It did indeed, although it should be noted that GNU tools have also been used for a wide variety of non-GPL projects over the years, mainly due to the fact that they capable of targeting a wide variety of platforms and architectures (which is of course due to their profoundly open nature).
"GNU has vocal proponents in the shape of Stallman and the FSF, while the BSD arena doesn't seem to have a similar counterpart."
This is very true. However, most non-Geeks haven't heard of the FSF or RMS, and a good many of those who have regard RMS in particular as being a fringe loony with a cabal of social misfits who worship him and therefore believe everything he says. Linus Torvalds is far more famous outside geekdom (and indeed inside it), and has I think done far more for Linux in particular than RMS because he presents it as something that has concrete benefits rather than part of a social movement consisting of what the public at large thinks of as people who get nosebleeds arguing about Star Trek and whether Spiderman could beat the Green Lantern.

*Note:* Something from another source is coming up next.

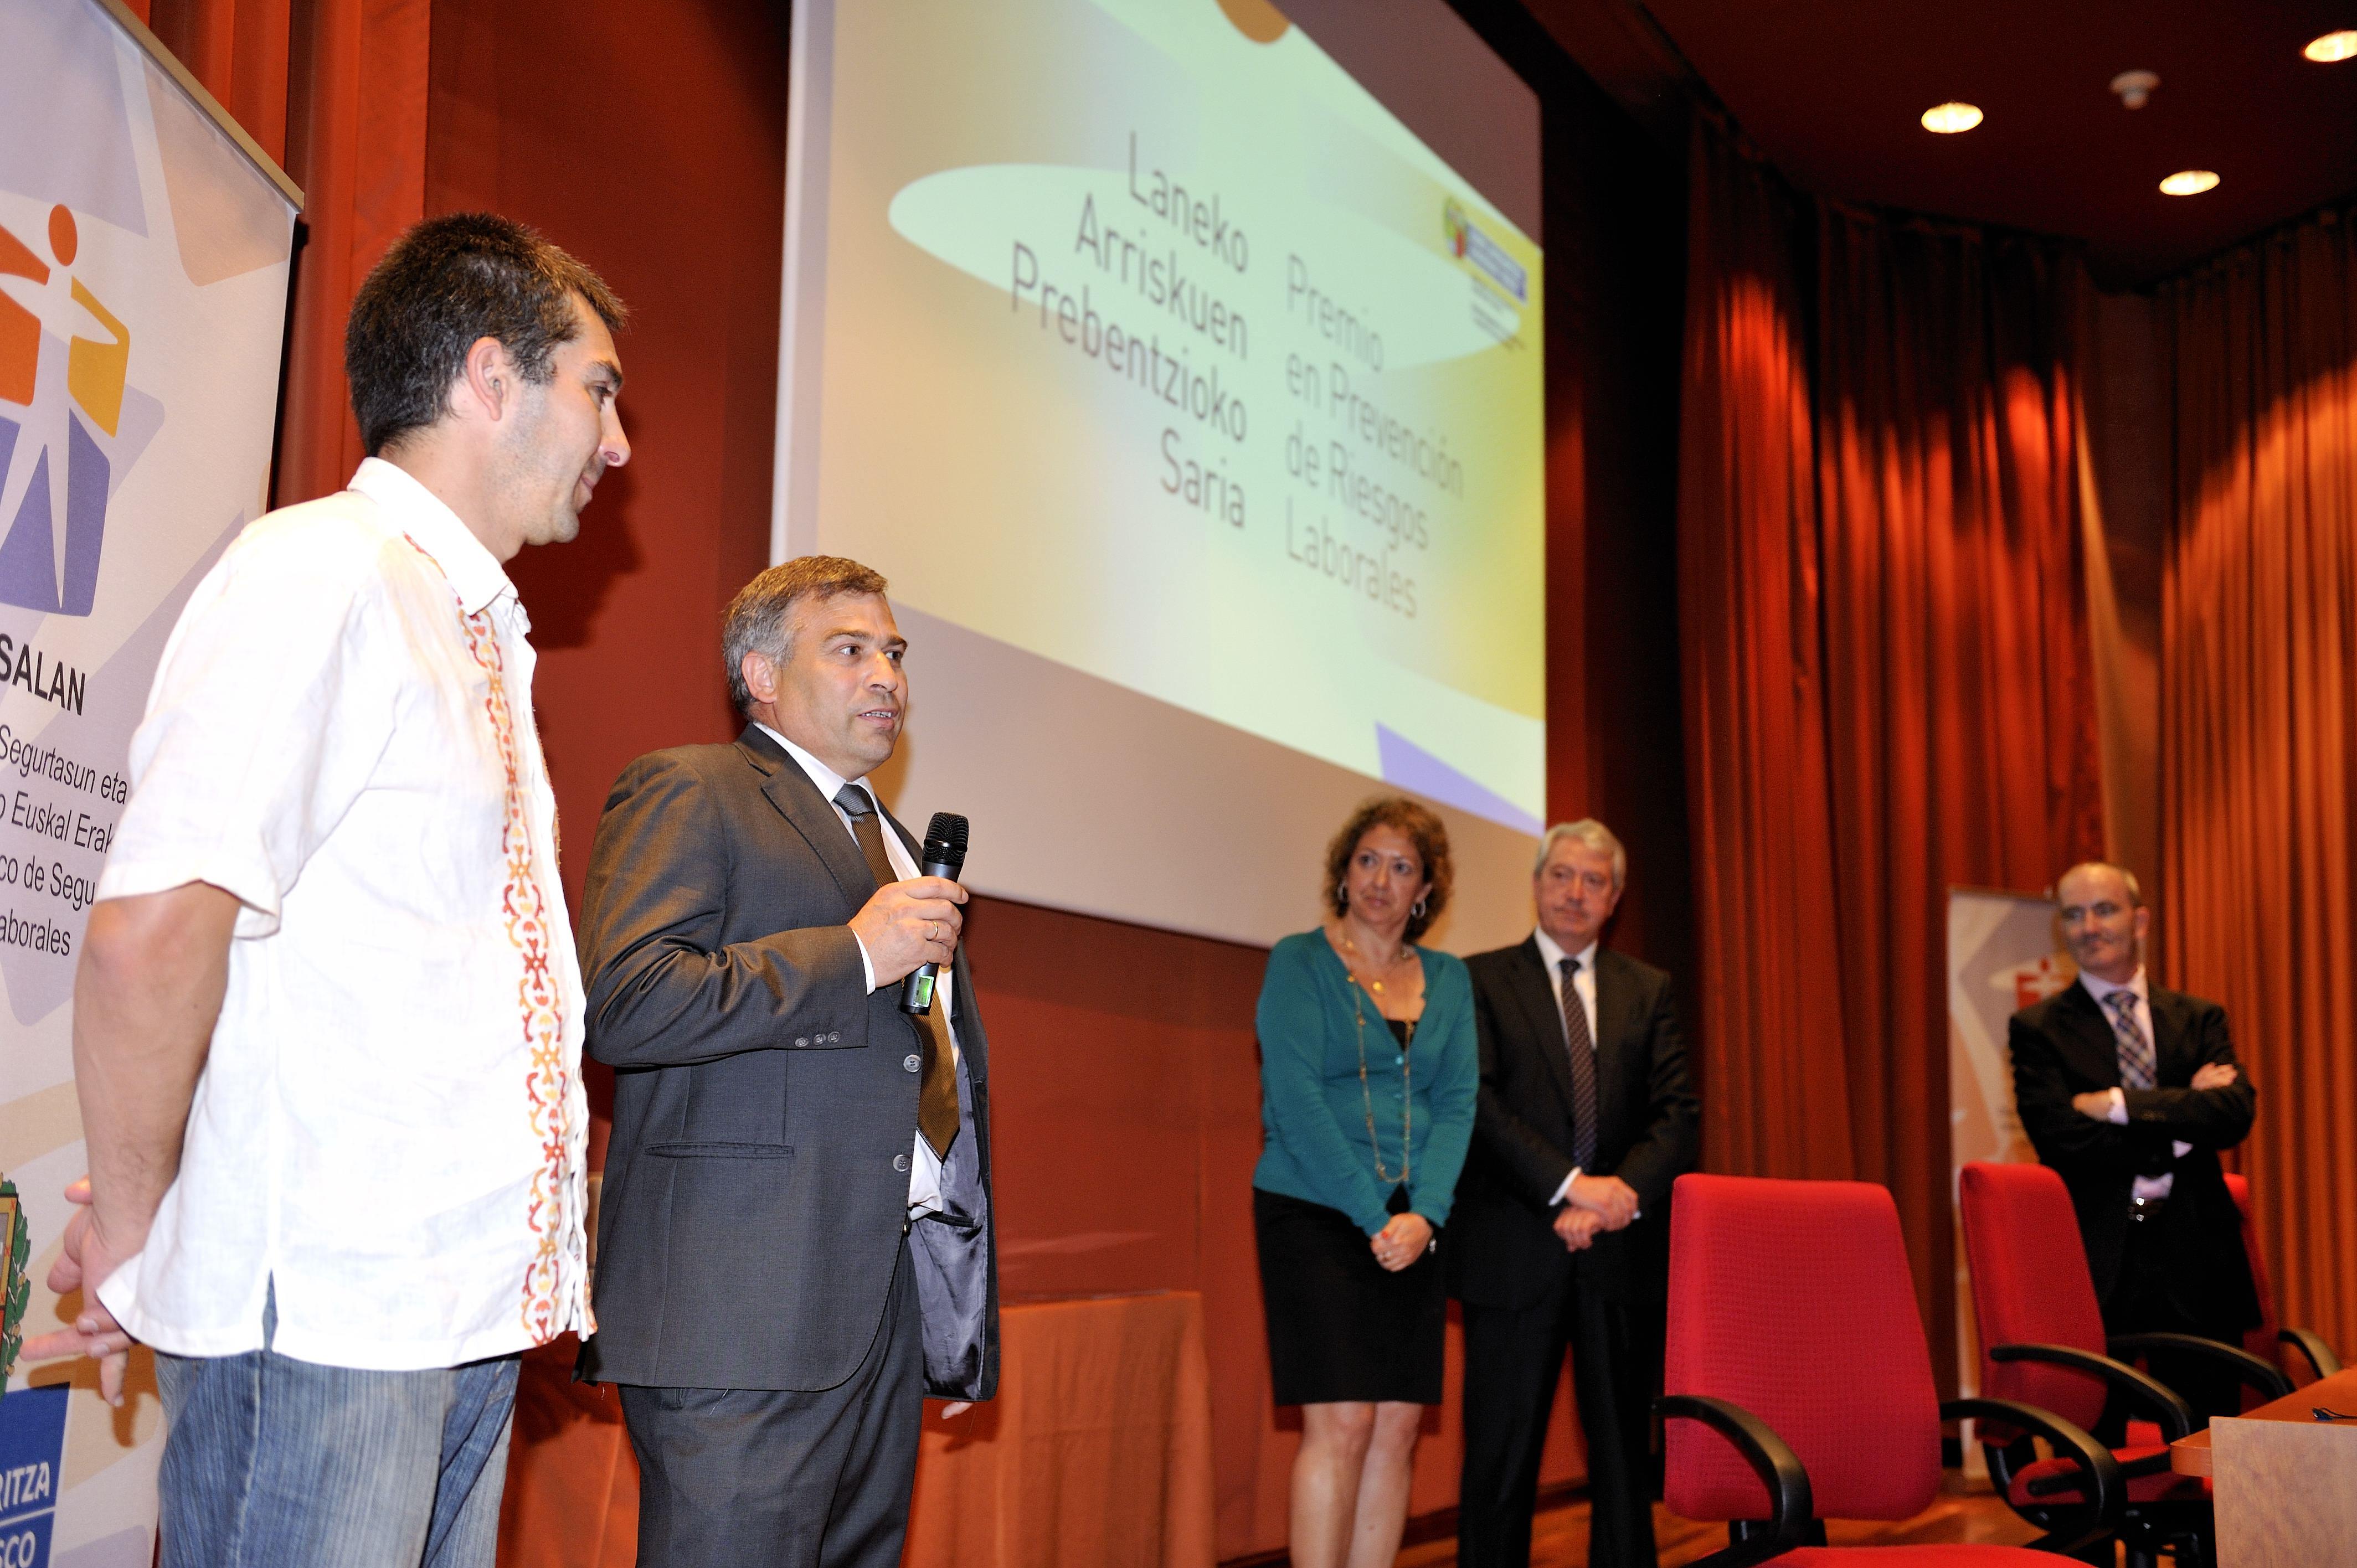 premios_osalan4.jpg

So perhaps it would be more accurate to say that what the BSDs lack is an equivalent for Linus, i.e. a person who is not only quite well known by both geeks and non-geeks, but also respected by both groups because he can talk to each of them in terms they understand without pissing many people off.
"None of the examples you cite are developed under the BSD license."
Where did I say they were? I stated that they are available under _less restrictive_ licenses than the GPL, period.
"Mozilla is GPL'd (the MPL is also available, which is also copyleft)".
You are correct -- I was wrong in this case.
"Apache is also under a copyleft license (see 4. Redistribution) which is effectively viral as any licensing must not conflict with the APL"
BSD code cannot be used in ways that conflict with the BSD license either, so by your definition it is also viral, and so are all other licenses apart from those of public domain works. And when one considers that the entirety of the APL basically states that compliance is a matter of leaving any copyright notices in source code (which does not have to be made available to others in any shape or form), and distributing a text file containing this copyright information to end-users, it begins to look very much like the BSD license indeed, where one is also required to maintain the original copyright info in source files that don't have to be made available to anyone else, and tell end-users about said copyrights.
Thus, while I was wrong about the MPL, you are also wrong about the APL, which is as close to a BSD license as it is possible to get without being a BSD license: score 1-1.
"I think you're really missing the point. Consider the reasons why Open Darwin failed as a project."
Indeed. But as you'll see in a moment, it is you who is missing the point.
"So why was nobody interested in Open Darwin? Because it's Apple's product."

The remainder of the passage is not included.